Oct 3, 2018 · 4 min read

If you have been following Acing AI, I have been regularly posting interview questions for Data Science and AI interviews from some of the top technology companies. I have been asked on countless occasions to post answers to those questions. In this article I have chosen the top 5 algorithm/theory based questions which have been frequent and answered them.

1.What is p-value?

When you perform a hypothesis test in statistics, a p-value can help you determine the strength of your results. p-value is a number between 0 and 1. Based on the value it will denote the strength of the results. The claim which is on trial is called Null Hypothesis.

• Low p-value (≤ 0.05) indicates strength against the null hypothesis which means we can reject the null Hypothesis.
• High p-value (≥ 0.05) indicates strength for the null hypothesis which means we can accept the null Hypothesis
• p-value of 0.05 indicates the Hypothesis could go either way.

To put it in another way,

• High P values: your data are likely with a true null.
• Low P values: your data are unlikely with a true null.

2. How is the k-nearest neighbour(KNN) algorithm different from k-means clustering?

KNN is a supervised learning algorithm used for classification. K-means is an unsupervised learning algorithm used for clustering. KNN is a supervised learning algorithm which means training data is labeled. The goal of KNN is to classify an unlabeled point into. K-means clustering requires only a set of unlabeled points and a threshold. Then the algorithm will take unlabeled points and gradually learn how to cluster them into groups by computing the mean of the distance between different points. The primary difference is that when training data is labeled it becomes supervised learning while when the data is unlabeled it is unsupervised learning.

3. What is overfitting? How do we avoid it?

“Overfitting” is traditionally defined as training some flexible representation so that it memorizes the data and carries that noise resulting in failure to predict in the future. To avoid overfitting:

• Use fewer parameters: Use a simpler model with fewer parameters. This will avoid capturing the noise reducing overfitting.
• Better performance measures: Use canonical performance measures. The problem should dictate which performance measures will provide a better performance.
• Cross-Validation: Cross-Validation techniques help avoid overfitting. Repeated random sub-sampling validation and k-fold cross-validation are good techniques to use depending on the dataset.

To read more: Clever methods to avoid overfitting

4. How do you decide between model accuracy and model performance?

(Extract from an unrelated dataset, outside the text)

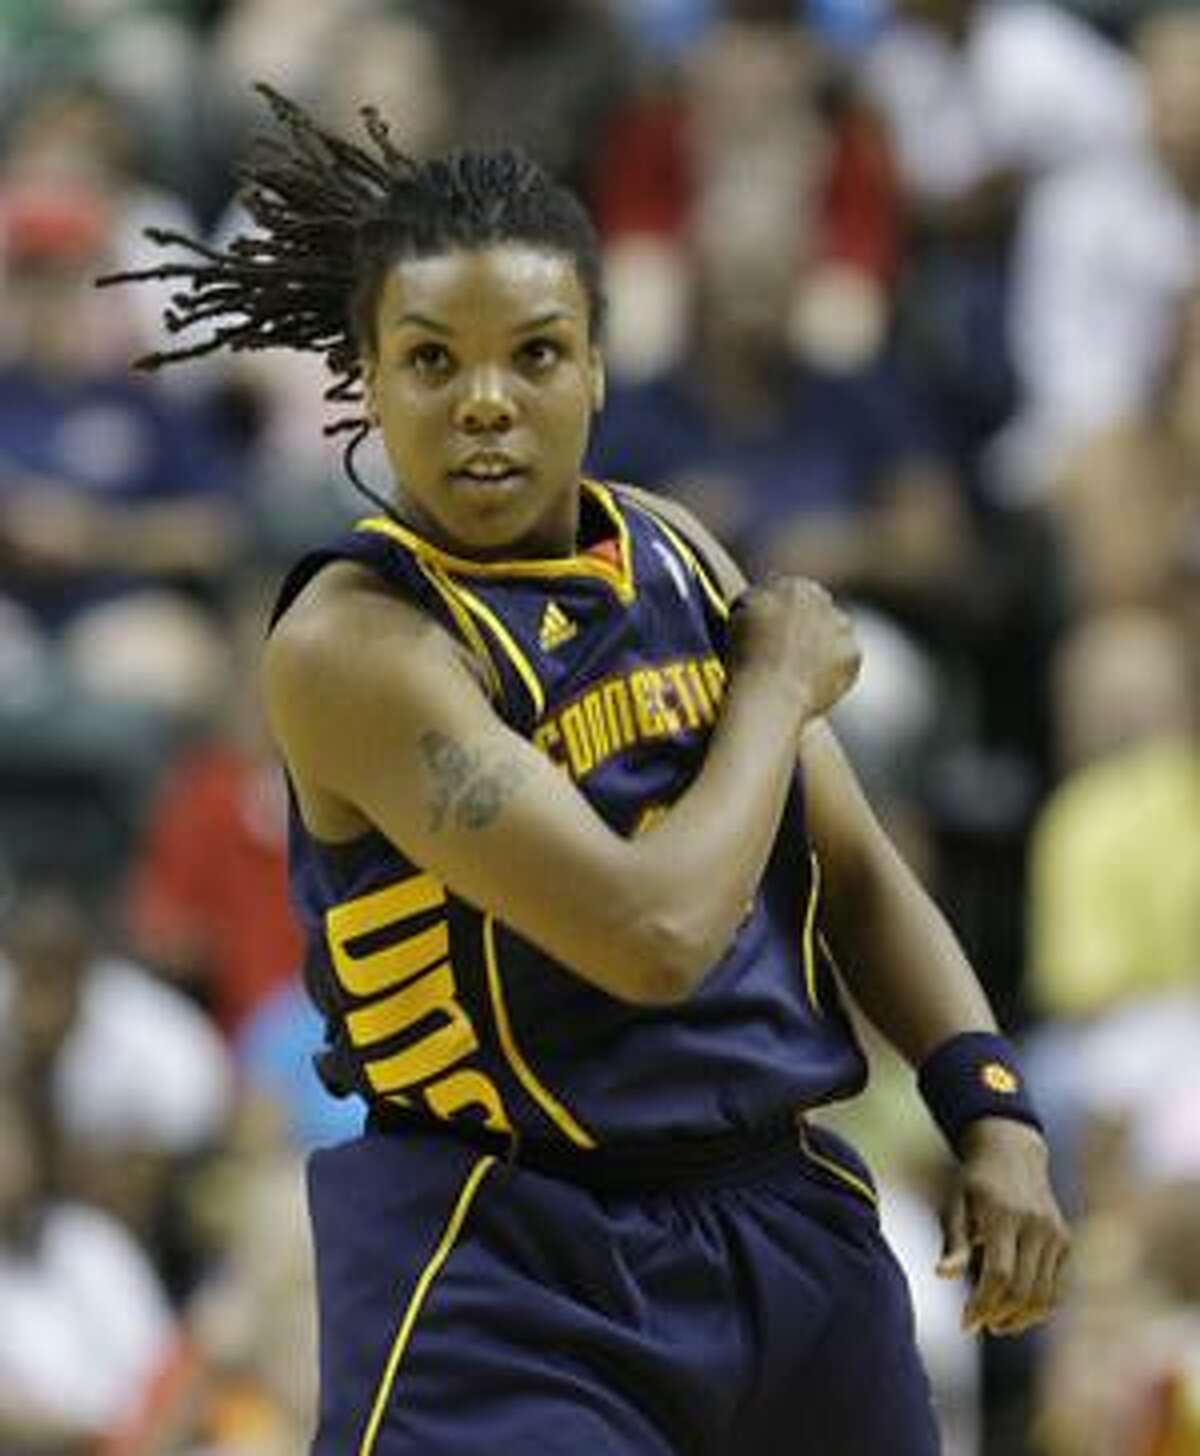 AP Connecticut Sun's Tan White reacts after hitting a shot during the fourth quarter of a game against the Indiana Fever in Indianapolis, Wednesday. Connecticut won 77-68.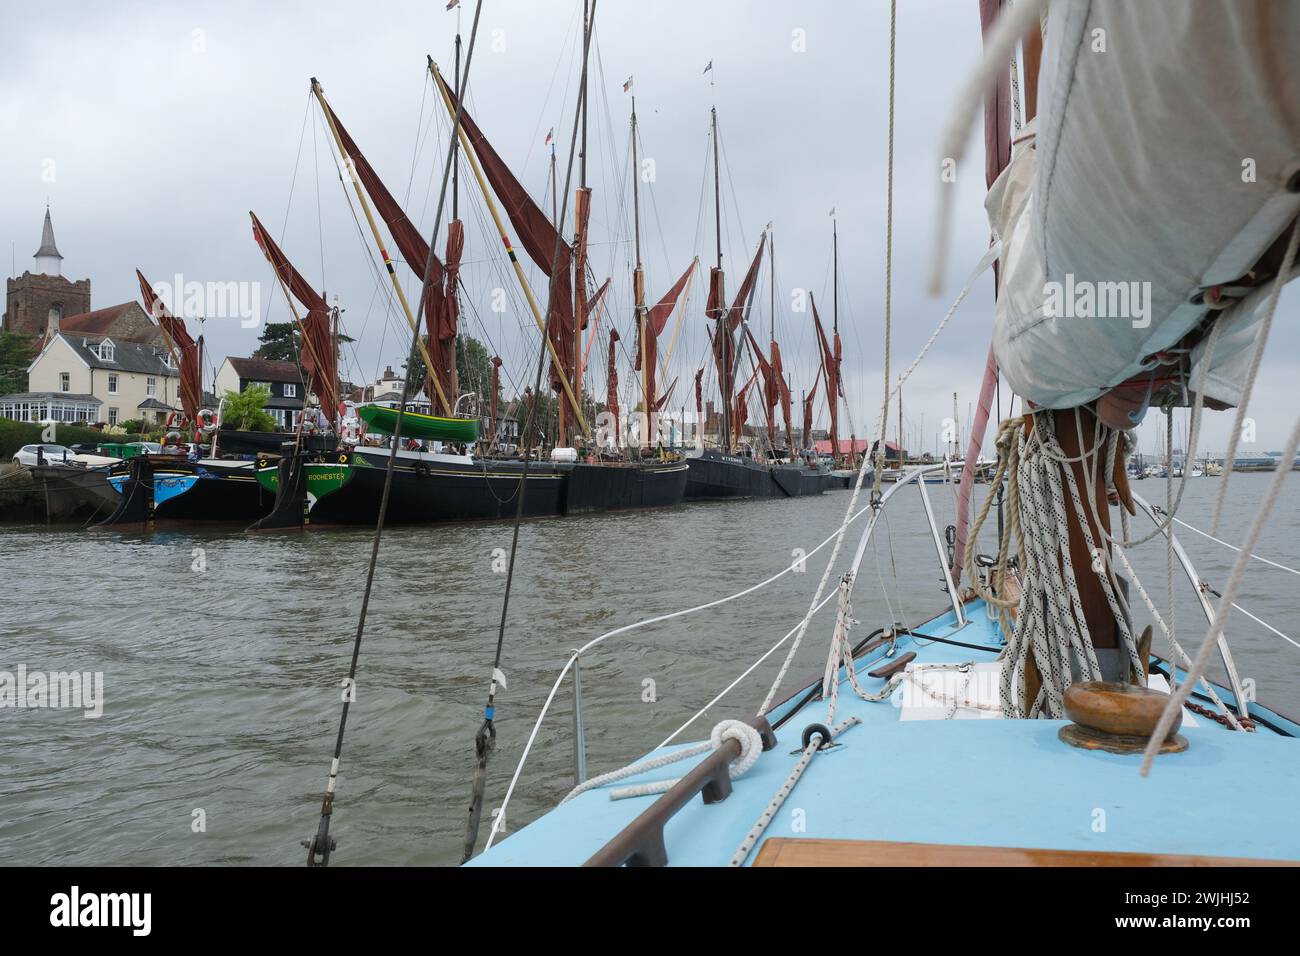 Thames barges moored at Maldon in Essex as seen from a sailing boat on the River Blackwater, Essex, UK Stock Photo

This question is directly related to the accuracy paradox and tests your knowledge in situations when higher accuracy means poor predictions. The accuracy paradox for predictive analytics states that predictive models with a given level of accuracy may have greater predictive power than models with higher accuracy. It may be better to avoid the accuracy metric in favour of other metrics such as precision and recall. Lets take a situation of invalid password attempts prediction. In a hypothetical company, there are extremely fewer cases of invalid password attempts. If we were to use a predictive model for this, a highly accurate model would actually have low/fewer cases of invalid password attempts which would not be that helpful. Hence, sometimes, lower level of accuracy provides higher predictive power.

5. What’s the difference between Type I and Type II error?

Type I error is equivalent to a False positive. Type II error is equivalent to a False negative. Type I error refers to non-acceptance of hypothesis which ought to be accepted. Type II error is the acceptance of hypothesis which ought to be rejected. Lets take an example of Biometrics. When someone scans their fingers for a biometric scan, a Type I error is the possibility of rejection even with an authorized match. A Type II error is the possibility of acceptance even with a wrong/unauthorized match.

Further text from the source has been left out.